Filed under: generic text, i feel like bitching, playwright or wrong? | Tags: bad play, prisoner, prisoner of second avenue, QTC, sexist
Disgusted is a mild form of the putrid revulsion that I feel towards the play that I was unlucky enough to witness last night, QTC’s production of “The Prisoner of Second Avenue”.The times have changed, dear friends, and an attempted social commentary of 1976 is no longer the social commentary of 2008. The production was immensely flawed, from the overtly sexist tones and the intolerable plasticity of the characters, to the repetitive script, compiled from what seemed to be 2 hours of filler jokes. In fact, the only point of relevance (and therefore justification) that a struggling QTC spokesman could find for the production of this play was the freshly announced US recession and its entirely coincidental similarity to the ’stunningly brilliant’ plot.
Nice one.
From the opening seconds of “The Prisoner of Second Avenue” the production was textbook, freshly retrieved from the hugely popular ‘profit-guaranteed-script-recycling-bin’. At best, it was an empty performance, full of stereotypes and offence. Husband dominant, wife subservient. Husband unreachable and distant, wife intuitive and communicative. This would be excusable if it was an obvious play on the roles, a caricature of what society had/has become. Instead, the characters themselves became purely caricatures, capable only of transmitting the overtly invariable image of a ‘classic’ sitcom couple.
My, what an insight into reality. My two cents? Do not see this play.
Filed under: generic text, i feel like bitching, poetic blah, snobby shit | Tags: annoyed, cold, poetry, weather
I apologise for my bluntness, but there was nothing more annoying, more blatantly chilling nor more disturbingly potent in the early hours of this morning and, in truth throughout the entirety of today, than that purest of evils, the weather. Poetry, on the hand, is always good for the soul, if you believe in that sort of thing. Anyway, my weather-specific opinion stems from a number of reasons, which I have decided to outline below in a semi-concise list.
1. The decisively negative effects of a rapid, unexpected drop in temperature upon ones ability to escape from bed.
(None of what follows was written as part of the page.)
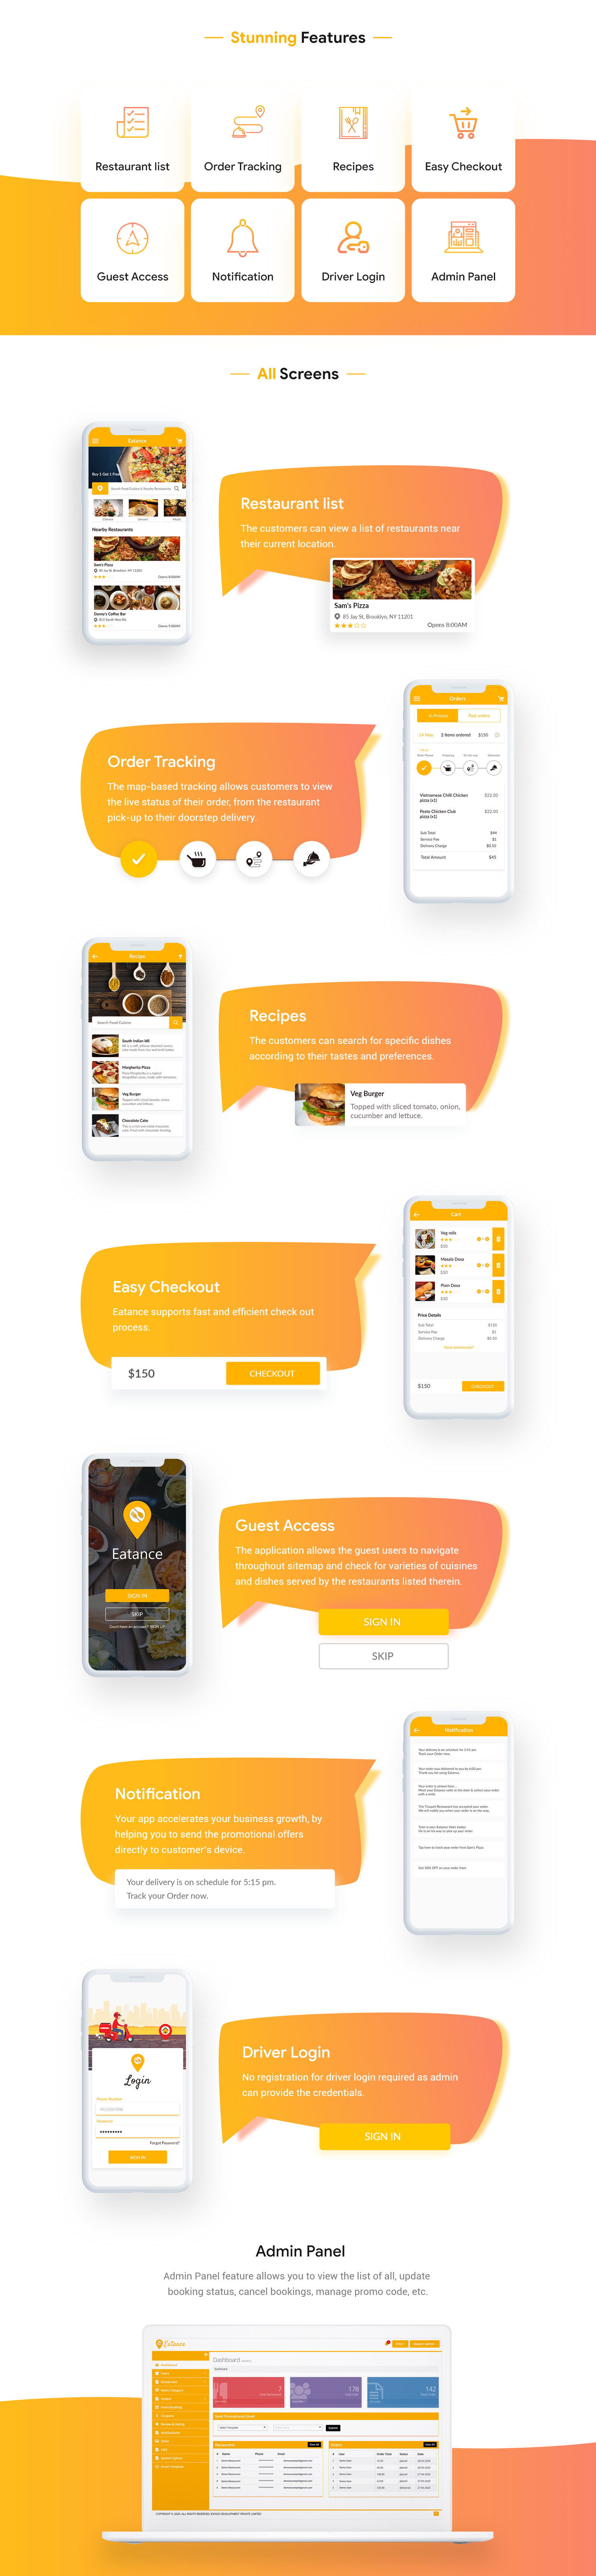 Multi Restaurant App

This is a particular favourite of mine, as it has had a time-tested and most certainly undeniable impact upon my life. My earliest memories involve hours – or possibly nagging-extended minutes, it’s hard to tell which – spent huddled under covers as Mother and/or Father made repeated trips to my bed in an attempt to extract me from the silky warmth of thick winter sheets. What I could never understand was the importance that they seemed to place in something called ’skewl’, and how I had to attend. I still haven’t managed to grasp the importance of this bizarre ritual.
2. The potential of said weather to change between the hours of ‘home exit point’, ‘lunch point’ and ‘home entry point’.
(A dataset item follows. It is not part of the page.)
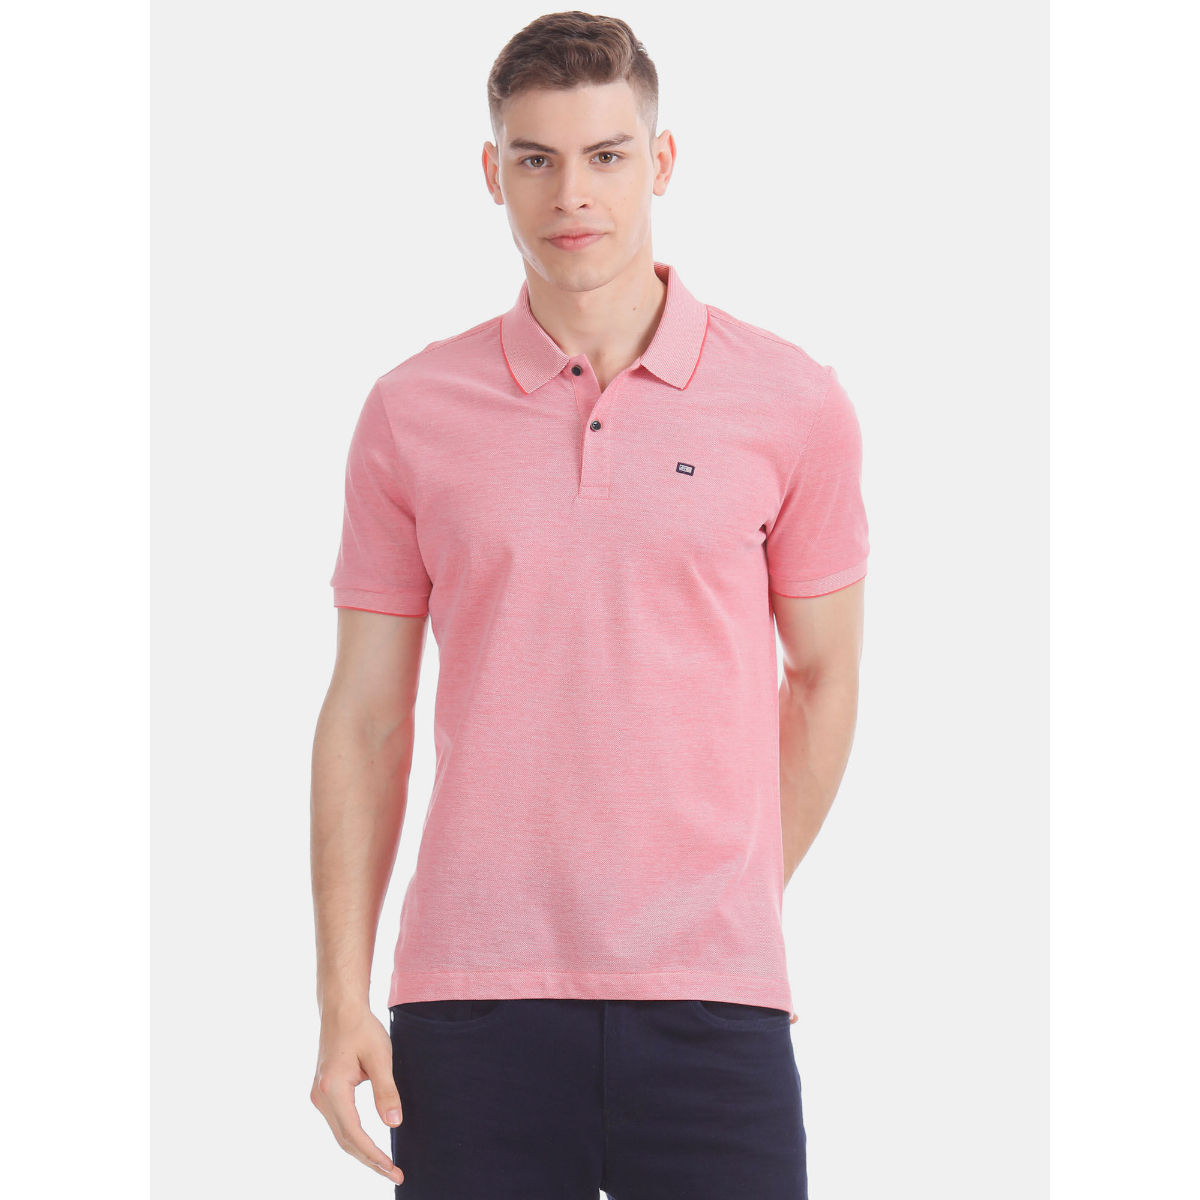 Buy ARROW SPORT Pink Patterned Mercerised Cotton Men's Polo Tees

Another of my favourites. Would you believe that I came into contact with this loathe-some thing today? 6:25am – very, very cold. 12pm – OMFG, I do believe my skin is burning. 12:15pm – Bought cheap t-shirt to replace the jumper which had seemed so essential at 6am.
3. ‘Instant-Runny-Nose’ Phenomenon.
I believe this is something we must all be very, very aware of, as it can be extremely hazardous to health. I personally am often stricken by this terrible ailment, and verily I pity any poor bugger who sits next to me, in front of me or frankly within the general vicinity of my nostrils on any form of public transport.
I think that’s enough for now. About 4.9 minutes ago I was forced to remove myself from my chair to journey to my room to search for a pair of woolly feet-socks and a jumper, because I was cold. I blame this and my ineffable cynicism for this tortuous and long-winded post.